PMC search to limit to grantee publications with Data Availability Statements (DAS) in the past five years is: niehs[gr] AND (has data avail[filter] OR has data citations[filter]) AND "last 5 years"[PDat]
At a minimum, to minimize manual curation, they want a script to extract the text from XML in the data, code, and source data sections (if they exist) and acknowledgments section for grantee info and populate the appropriate columns in an Excel file.
Even better, if some precise extraction could be done to:
Would need to support having multiple answers (e.g., https://www.ncbi.nlm.nih.gov/pmc/articles/PMC7648103/).
Below are links to three test publications as well as the XML for all three pubs.

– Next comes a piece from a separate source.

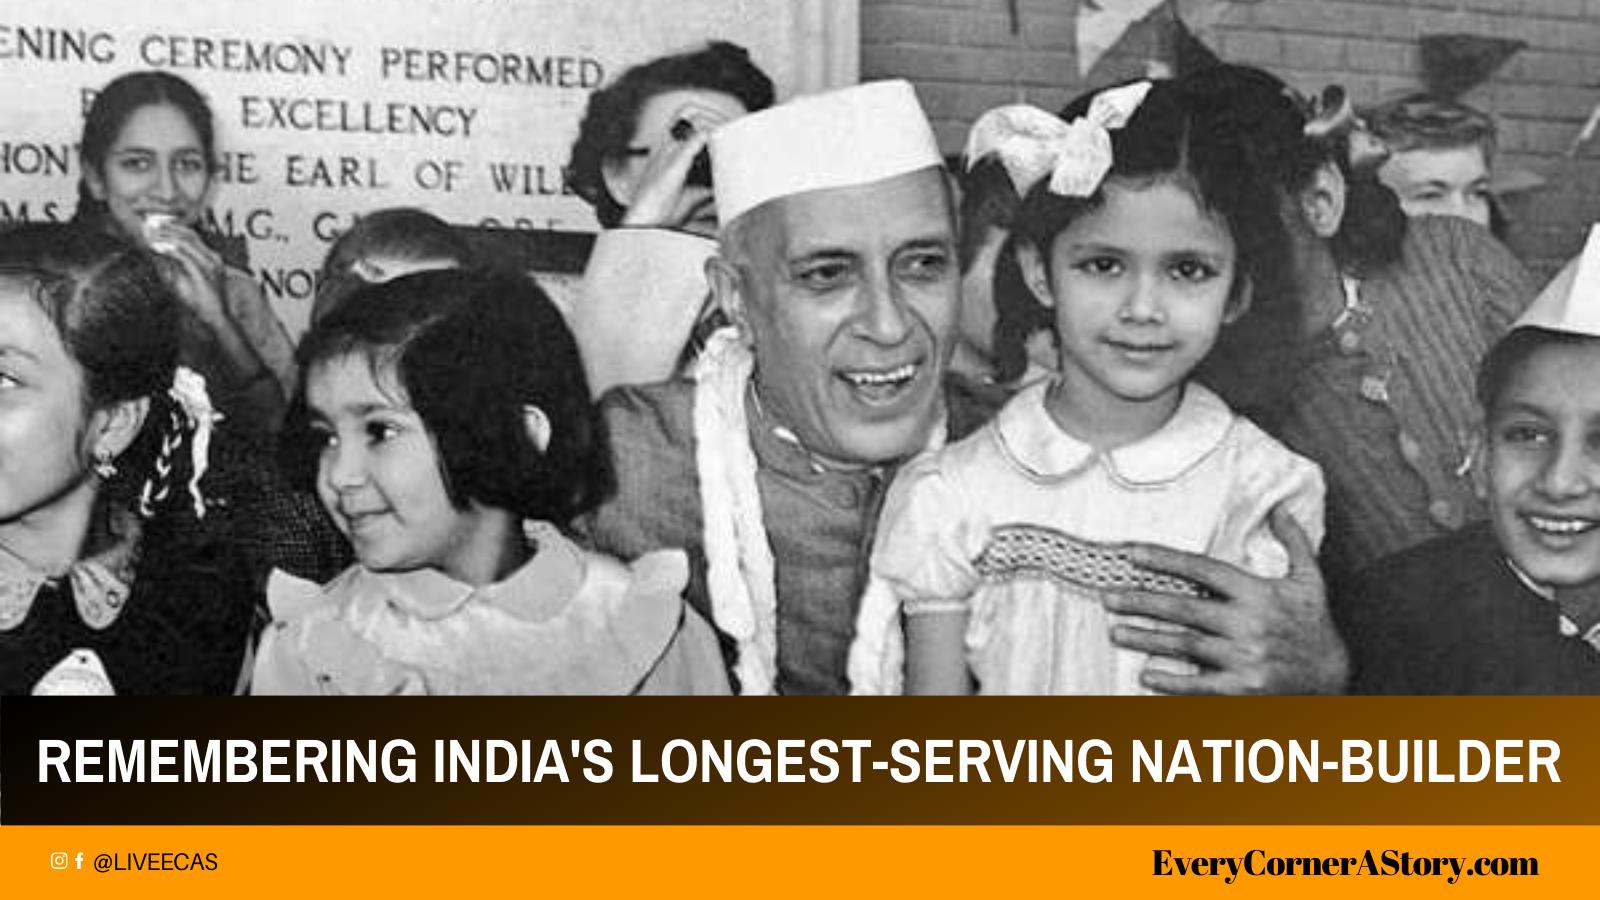 jawaharlal-nehru-works-pillars-modern-india-dams-education-nation-builder-puneet-bawa-ecas-india-every-corner-a-story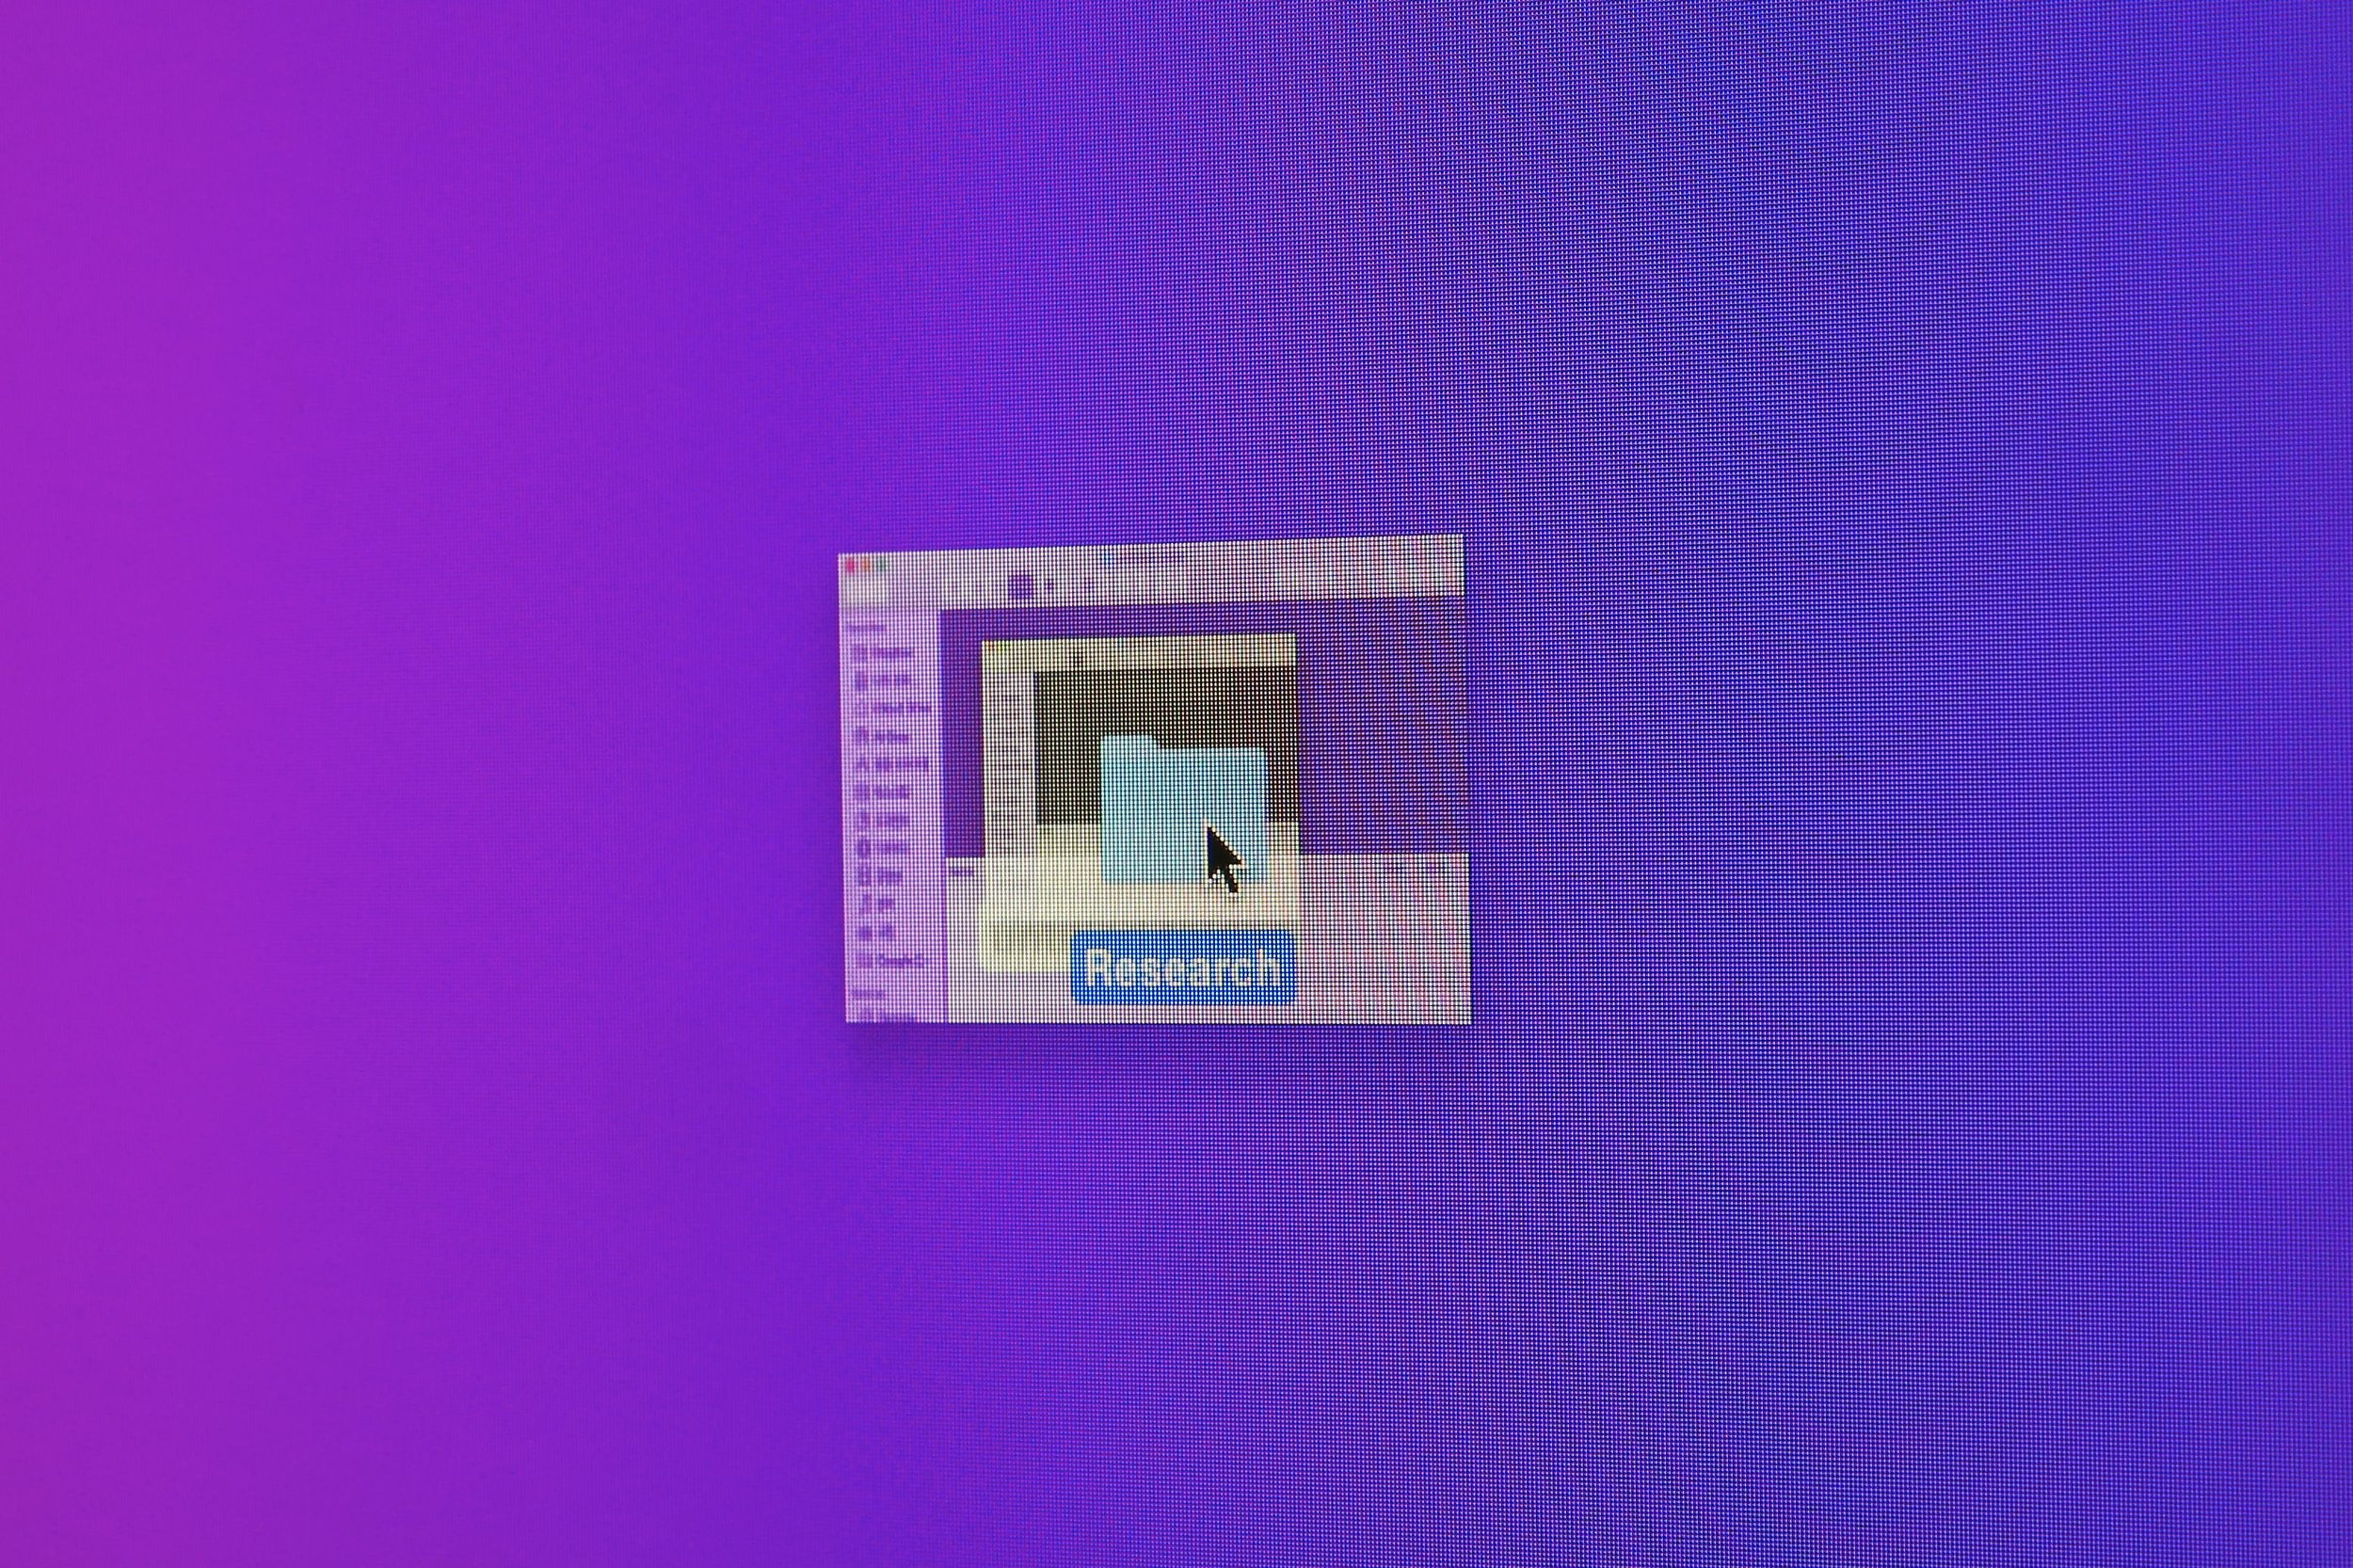 IT8A1768_edit.jpg

In order to get the XML information from the PubMed/PMC API, we can use a few different functions to get access to this information. This process has only been done once and the resulting information was saved to an XML file where the rest of the work was completed from.
First we save all of the query parameters into a list to be used when we make a GET call to the API.

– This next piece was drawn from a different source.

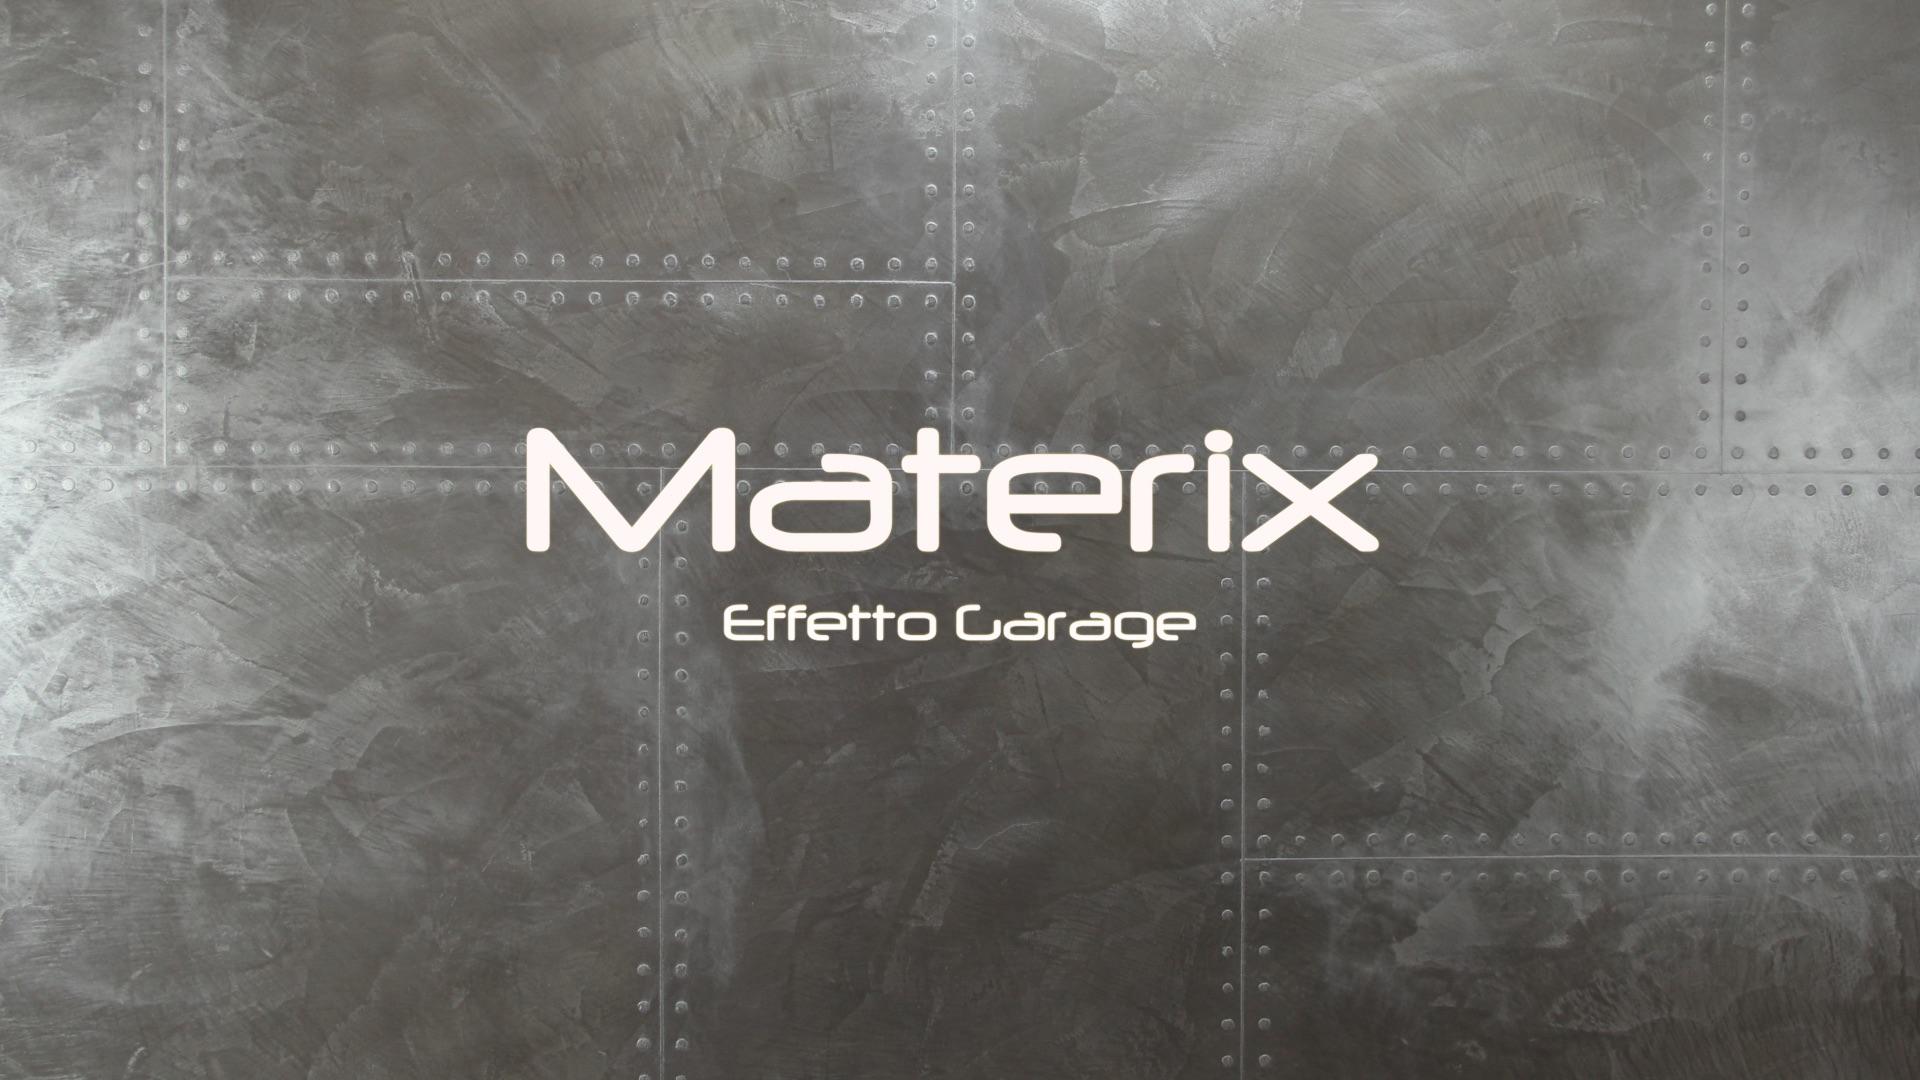 MaterixEffettoGarage

query_url <- list(db = "pmc",
tool = "niehs-lit-scraper",
email = "trey.saddler",
term = 'niehs[gr] AND (has data avail[filter] OR has data citations[filter]) AND "last 5 years"[PDat]',
retmax = 10000,
usehistory = "y")
Then we run the query on the esearch/eutils API to get a list of the PubMed IDs to be put into the next API call.
pubmed_get <- GET(url = "https://eutils.ncbi.nlm.nih.gov/entrez/eutils/esearch.fcgi",
query = query_url)
In the next step, we have to parse the GET call into XML so that we can extract the query_id and the WebEnv for the next API call.
parsed_pubmed_get <- content(pubmed_get, as = "parsed")
webenv <- xml_text(xml_find_first(parsed_pubmed_get, "//WebEnv"))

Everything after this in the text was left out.